22. The apparatus of clause 21, wherein the at least one processor is further configured to execute the instructions to:
determine a second plurality of tracking points based on the tracked movement of the object; and
detect a gesture based on the first plurality of tracking points corresponding to each of the gestures and the second plurality of tracking points.
23. The apparatus of any of clauses 13-22, wherein the hybrid environment comprises an environment of an extended reality (XR) system.
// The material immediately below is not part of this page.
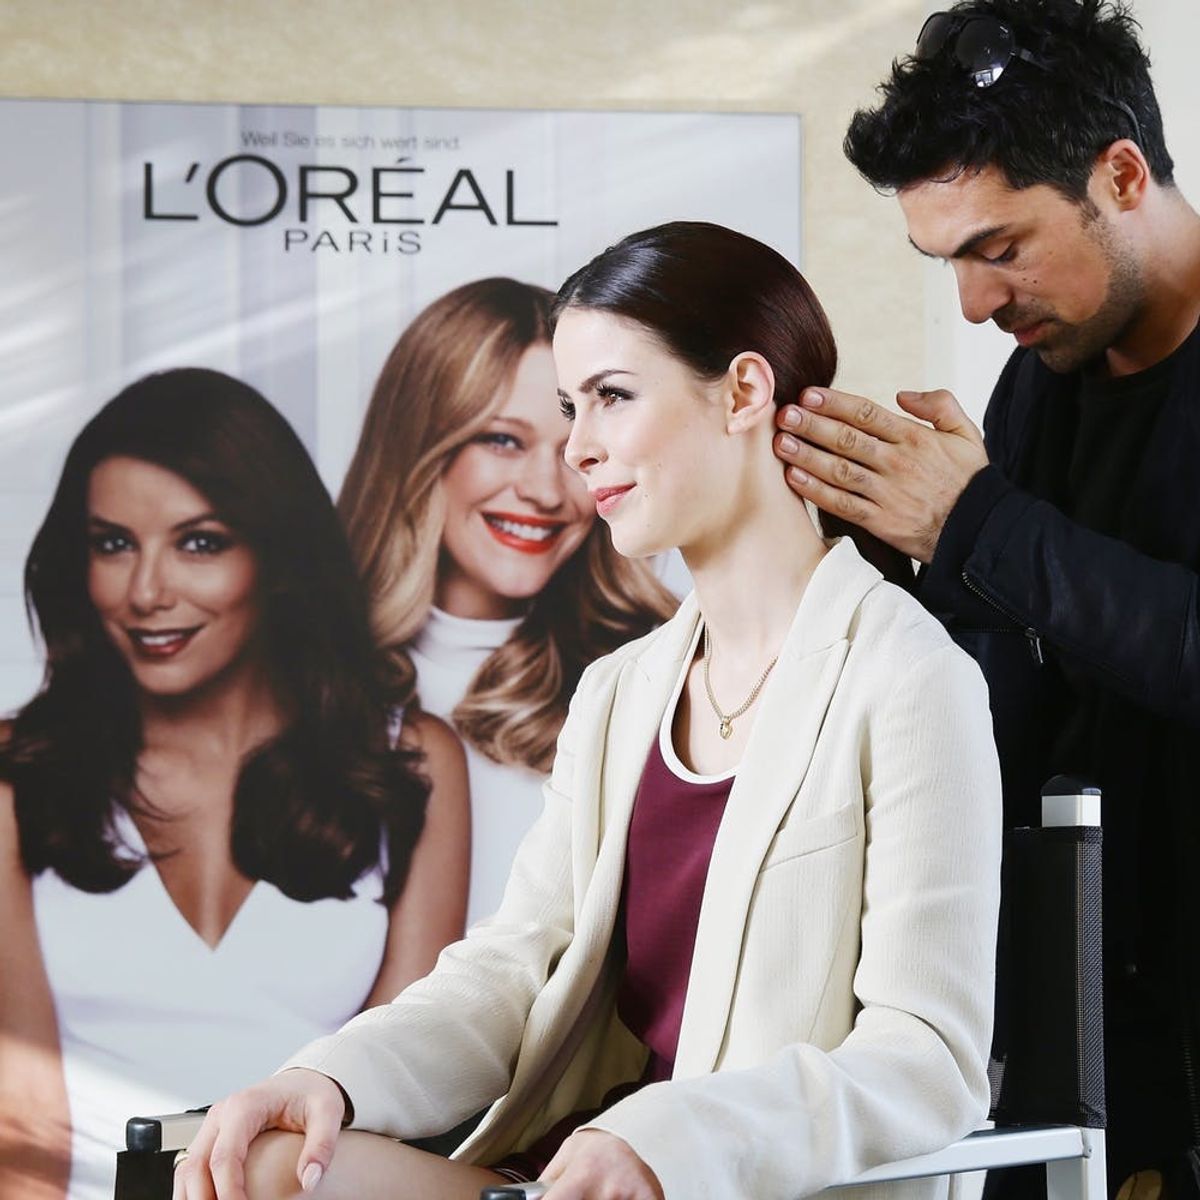 L’Oréal Paris Is Facing MAJOR Backlash Over a Non-Diverse Beauty Ad

24. The apparatus of any of clauses 13-23, wherein the hybrid environment comprises an environment of a virtual reality (VR) system.
25. A method comprising:
receiving image data from a camera;
detecting, based on the image data, an object in a placement area of a hybrid environment, wherein the hybrid environment comprises a real environment and a virtual environment;
in response to the detection, determining a value of at least one parameter for the object;
generating profile data based on the at least one parameter value, the profile data registering the object with a user; and
tracking movement of the object within the hybrid environment based on the profile data.
26. The method of clause 25, further comprising:
generating a request for a placement of the object in the placement area of the hybrid environment, wherein the hybrid environment comprises a real environment and a virtual environment; and
providing the request for display within the virtual environment.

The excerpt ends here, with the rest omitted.